RDD partition algorithm in spark

Time:2019-11-26

Partition algorithm of RDD in spark


def positions(length: Long, numSlices: Int): Iterator[(Int, Int)] = {
      (0 until numSlices).iterator.map { i =>
        val start = ((i * length) / numSlices).toInt
        val end = (((i + 1) * length) / numSlices).toInt
        (start, end)
      }
}


/**

  • Number of numslices partitions
  • (0 until numslices).
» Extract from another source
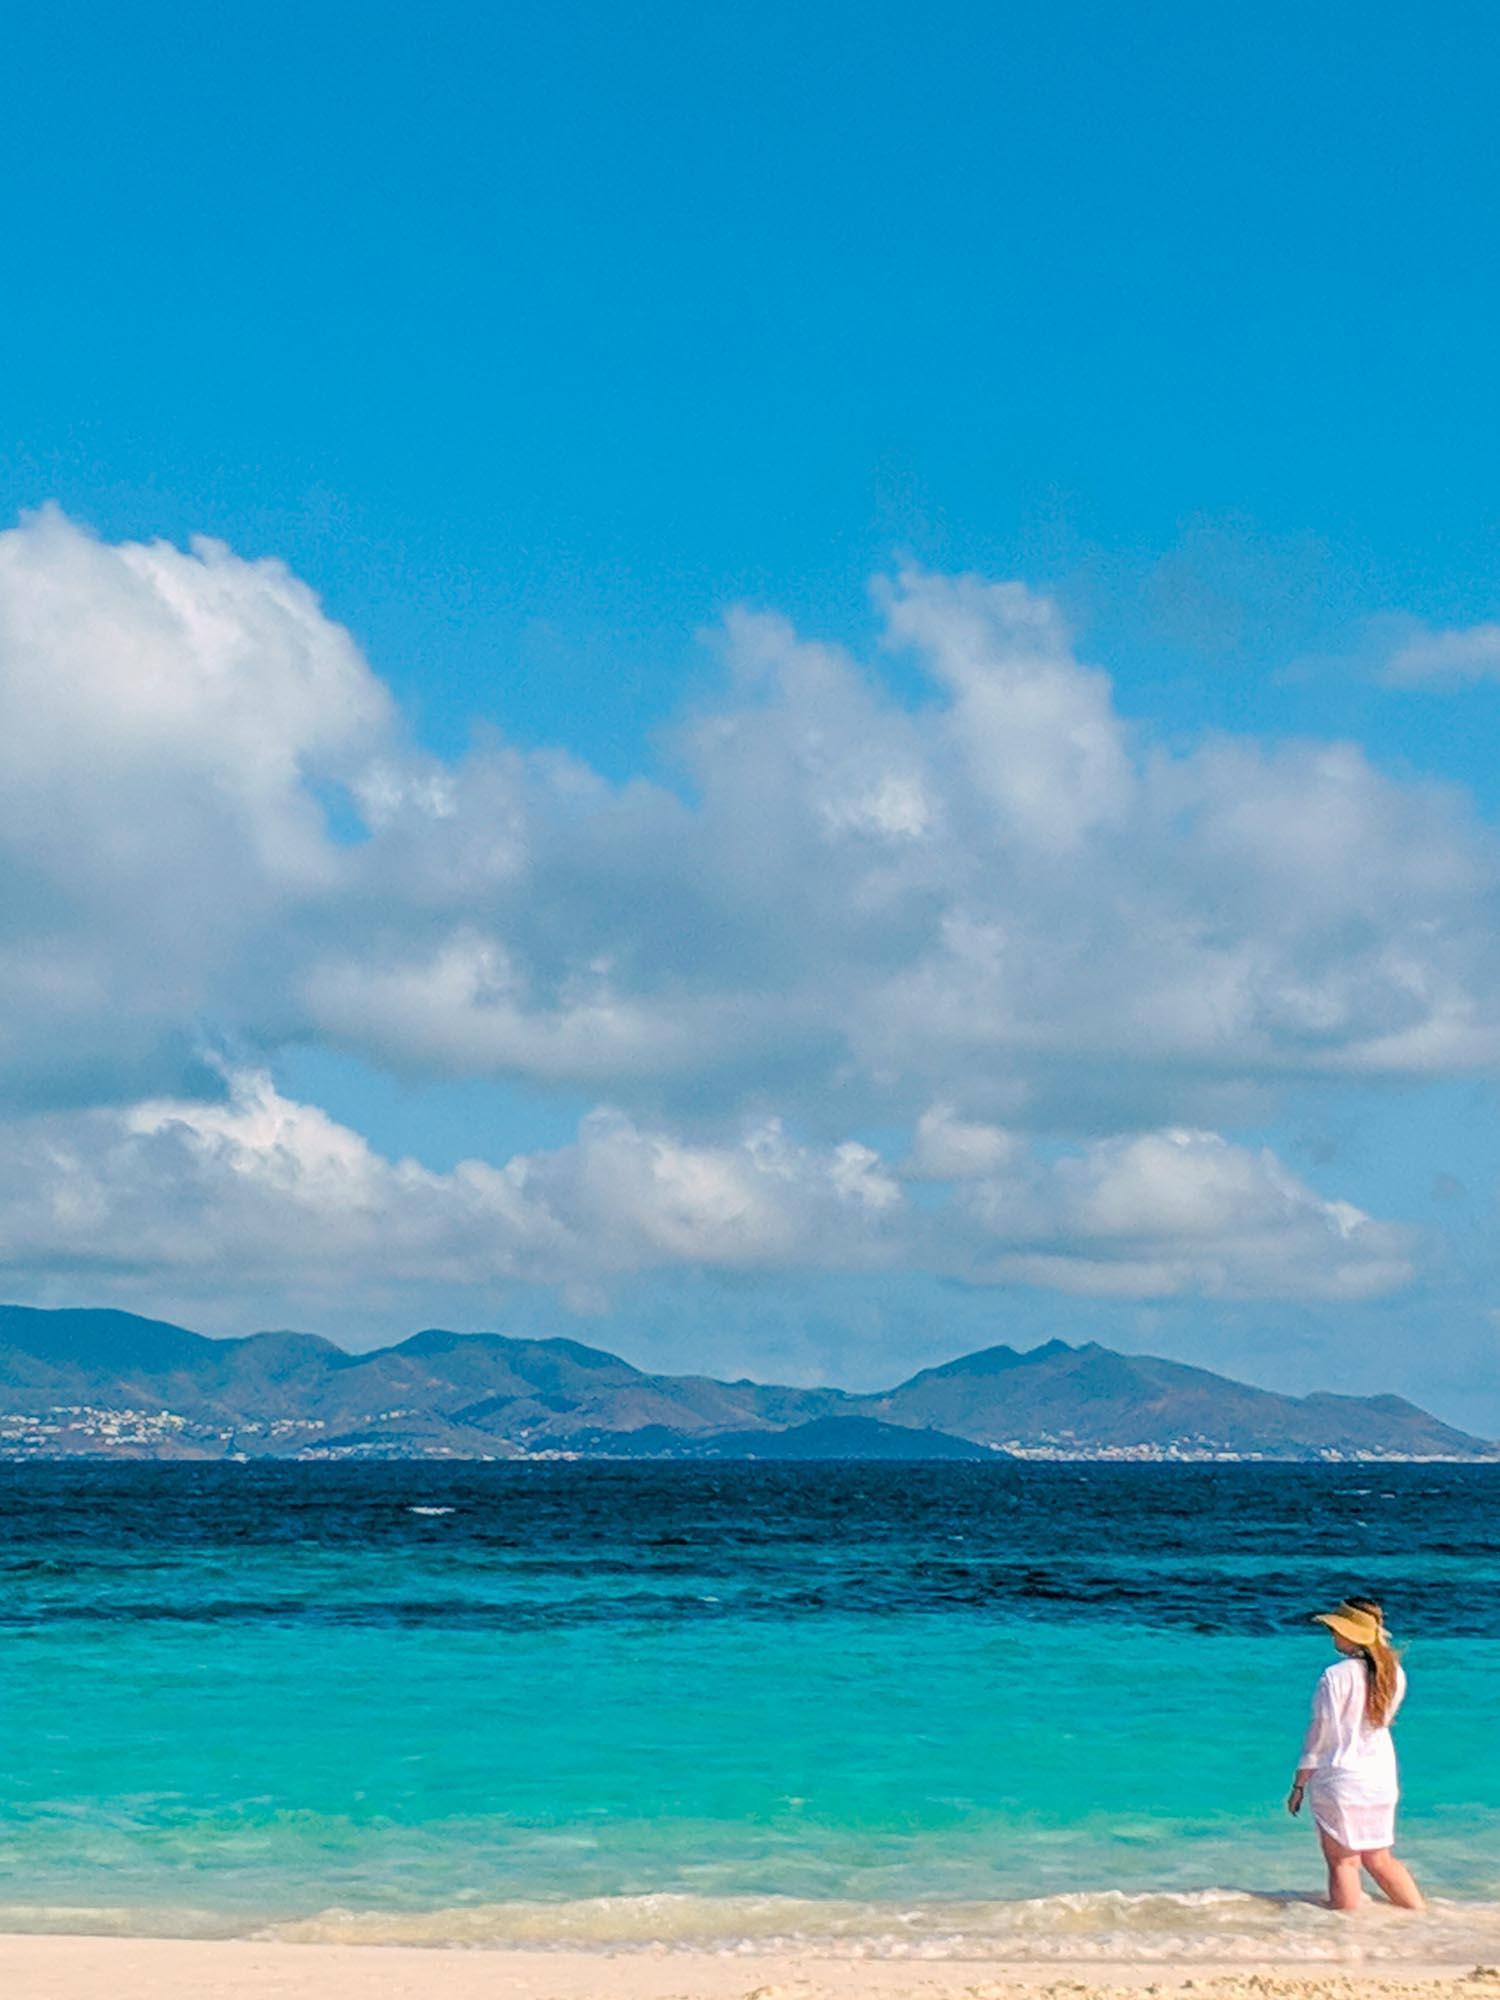 50 Best Caribbean Beaches as Chosen by Travel Bloggers

Iterator is to change the number of partitions into iterator, and then use the map algorithm to
  • 0 – > 0 is converted to 0 – > 0 (0, n). That is to say, partition 0 reads 0 to N data sets.
  • The implementation of map algorithm is as follows:
  • val start = ((i * length) / numSlices).toInt
  • val end = (((i + 1) * length) / numSlices).toInt
  • Finally return to iterator [(start, end)]
  • In this way, the data set can be distributed to each partition as evenly as possible

*
*/

In big data cluster, it is often necessary to partition the data and assign it to each node in the cluster to execute, so as to mobilize cluster resources to execute the same task synchronously, which will greatly speed up the efficiency of task execution. So the excellent partition algorithm is an indispensable part.